===== Task data =====
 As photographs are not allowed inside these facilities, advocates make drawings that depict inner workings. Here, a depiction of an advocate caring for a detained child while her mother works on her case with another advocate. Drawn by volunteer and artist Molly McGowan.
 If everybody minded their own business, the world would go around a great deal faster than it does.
=====
===== Task data =====
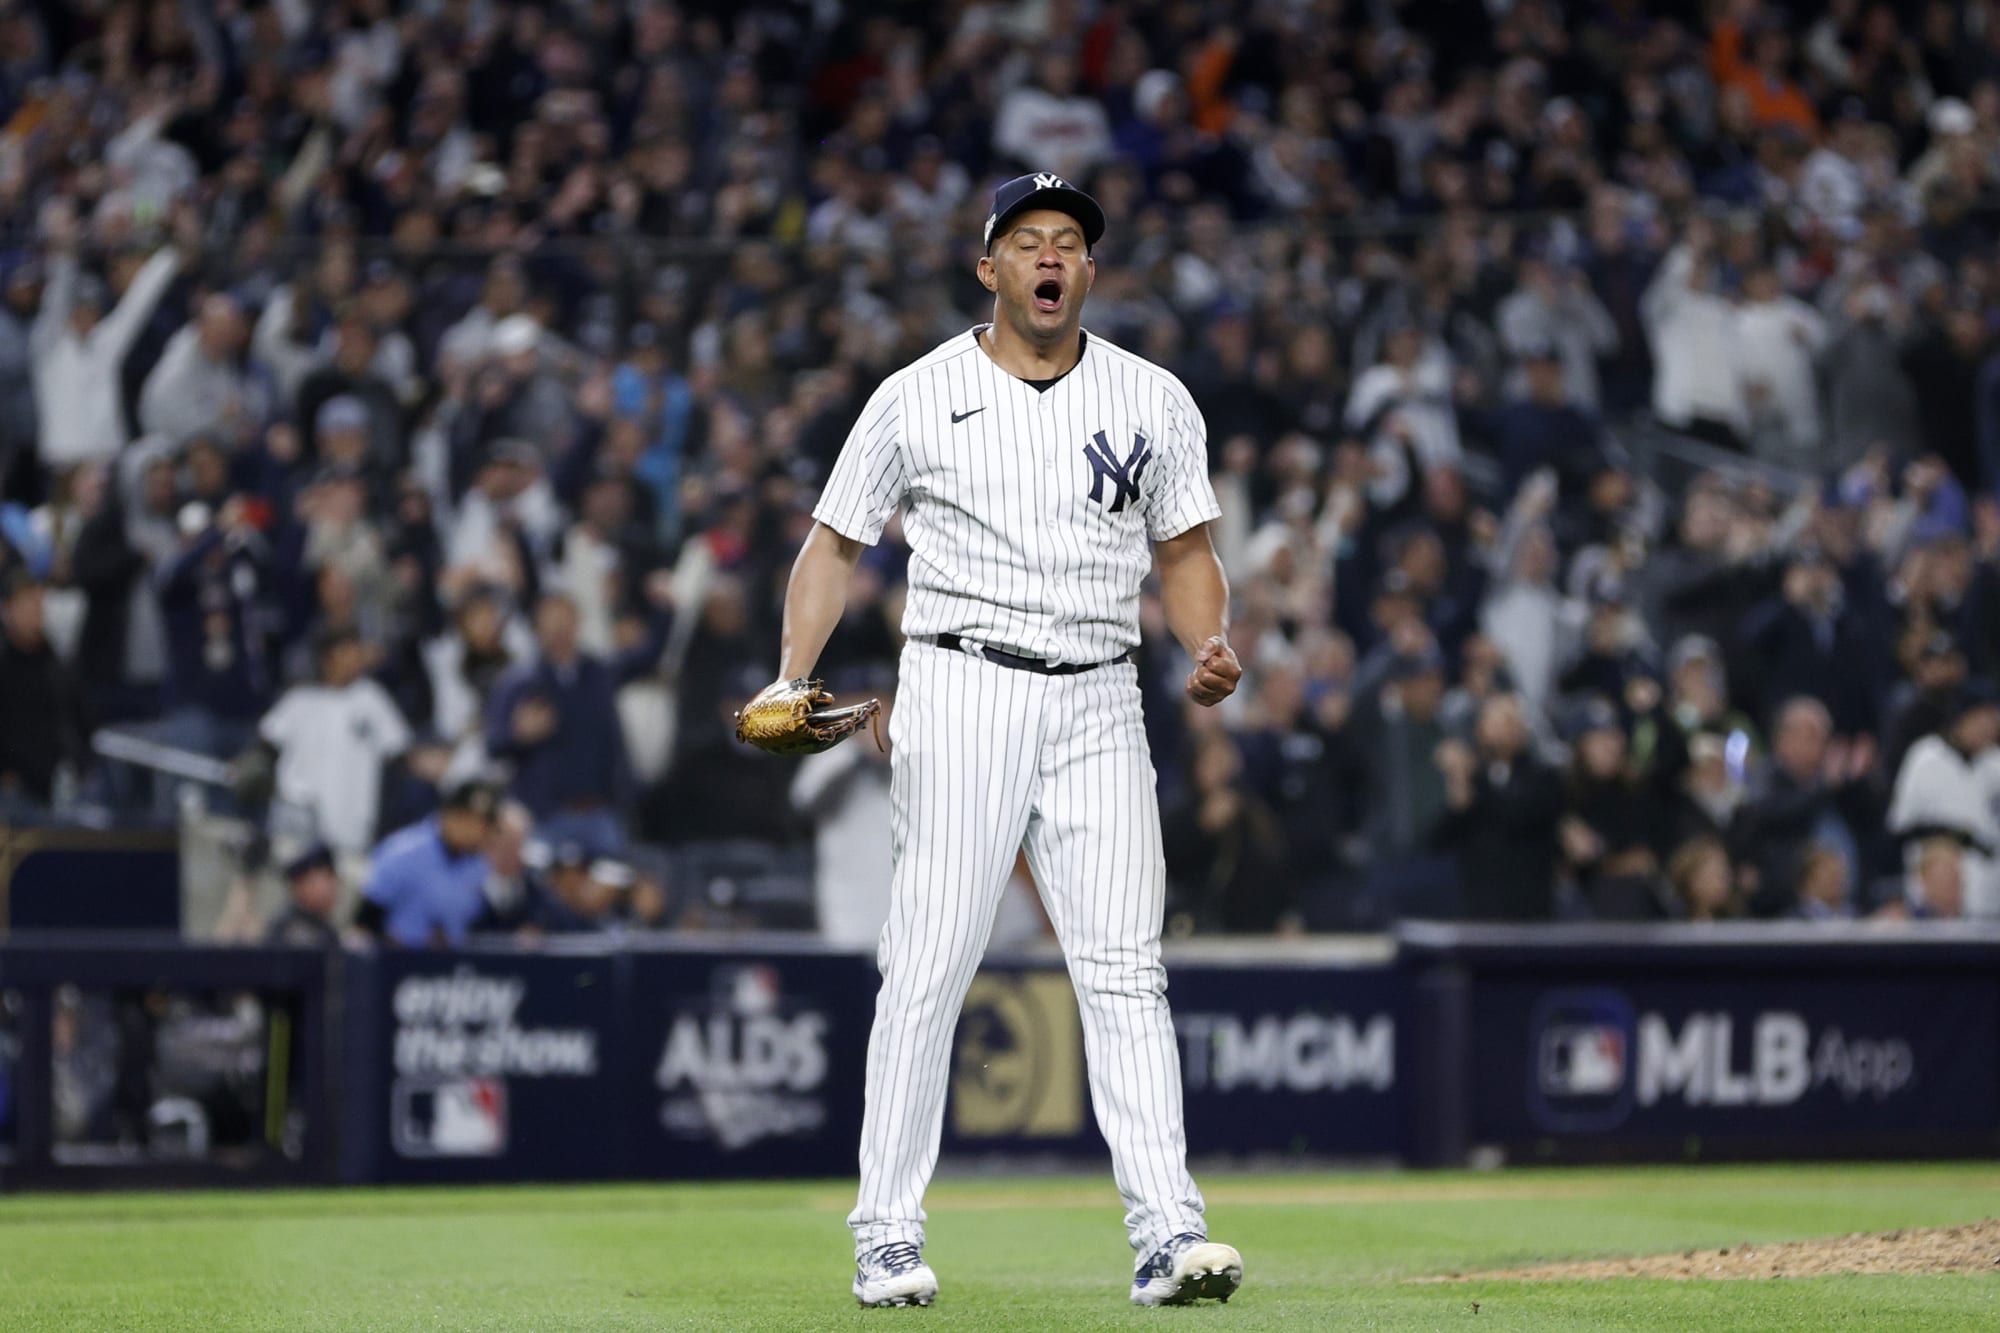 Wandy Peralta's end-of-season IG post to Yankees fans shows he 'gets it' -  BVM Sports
=====
Your objective:
Using the records above, write out exactly the lines between the one holding "As photographs are" and the one holding "If everybody minded", inclusive; leave everything else out.

Solution for this problem:
 As photographs are not allowed inside these facilities, advocates make drawings that depict inner workings. Here, a depiction of an advocate caring for a detained child while her mother works on her case with another advocate. Drawn by volunteer and artist Molly McGowan.
 If everybody minded their own business, the world would go around a great deal faster than it does.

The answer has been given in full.